Accepted Paper
Paper short abstract
This work presents quantitative-qualitative analysis of perceived kanji difficulty among native speakers and learners of Japanese. Stroke count, radicals, and lexical familiarity were rated high as difficulty predictors, but empirical results show that perception may not correspond to performance.
Paper long abstract
This study investigates how learners and native speakers perceive kanji difficulty, based on 65 detailed survey responses. Participants were presented with five groups of five kanji pairs, each differing in one trait: frequency, stroke count, number of readings, number of meanings, and concreteness of meaning. Before making pairwise judgments, participants indicated which factors they believed most influence difficulty. This design allows comparison between stated beliefs and actual selections, as well as differences between proficiency groups.

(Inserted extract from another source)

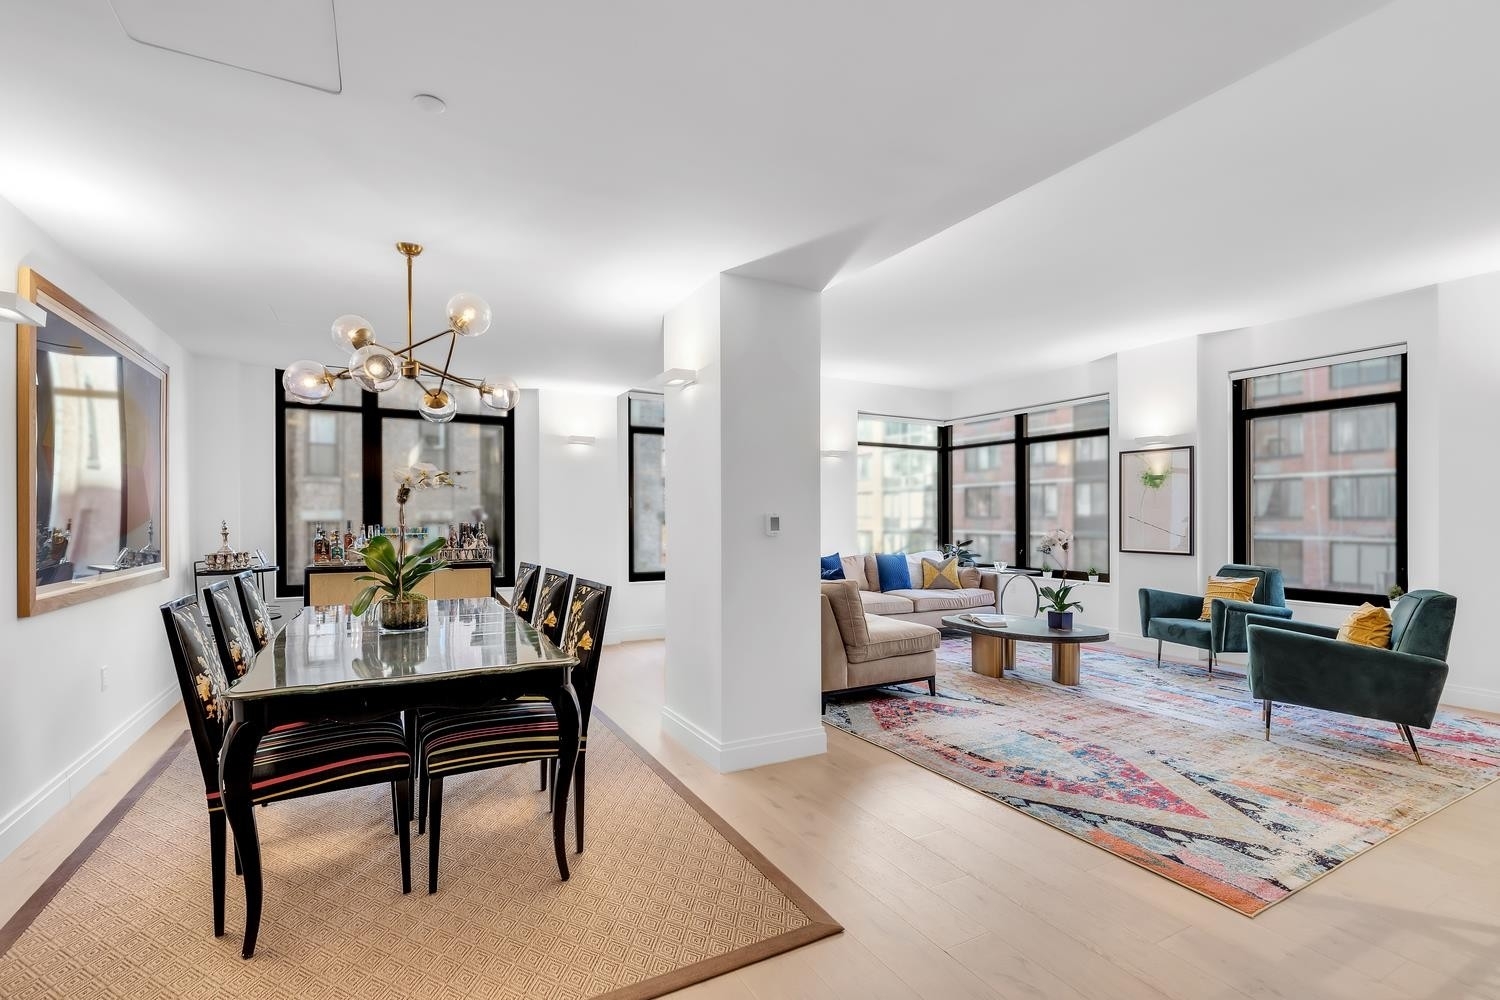 Condominium for Sale at Dahlia, 212 W 95TH ST, 3AC Upper West Side, New York, New York 10025

Results reveal two key contrasts. First, both learners and native speakers claim stroke count and radicals are primary determinants of difficulty. However, their choices tell a more nuanced story. Learners disproportionately judged kanji with unfamiliar components or multiple readings as harder, while native speakers were more sensitive to subtle visual distinctions and semantic nuance. Across all responses, recognisable components, stroke count, and lexical familiarity emerged as dominant predictors, with mean influence scores above 2.1 on a 0–3 scale. Visual similarity strongly shaped judgments, exemplified by 未/末, where 末 was chosen as harder in 63% of cases, despite being more frequent. This suggest that human perception of frequency may be unreliable. In contrast, formal indicators such as JLPT level (mean 1.03) and school grade of instruction (1.06) were weak predictors, indicating that curricular labels do not match intuitive difficulty.
Qualitative comments reinforce these findings. Learners emphasised memorisation strategies, radicals, and vocabulary exposure, while native speakers mentioned graphical balance and stroke order. Symmetry and overall shape were mentioned but ranked low in quantitative influence. Several participants noted that familiarity through repeated exposure significantly reduced perceived difficulty.
What learners and natives believe is difficult may not correspond to error patterns or acquisition speed. Therefore, the next step is to contrast these perceptual biases with empirical data to identify where intuition diverges from reality.T his research provides a foundation for understanding perceptual bias (mainly overestimation of stroke count importance, and lack of frequency awareness) and its role in shaping effective, data-driven approaches to kanji acquisition.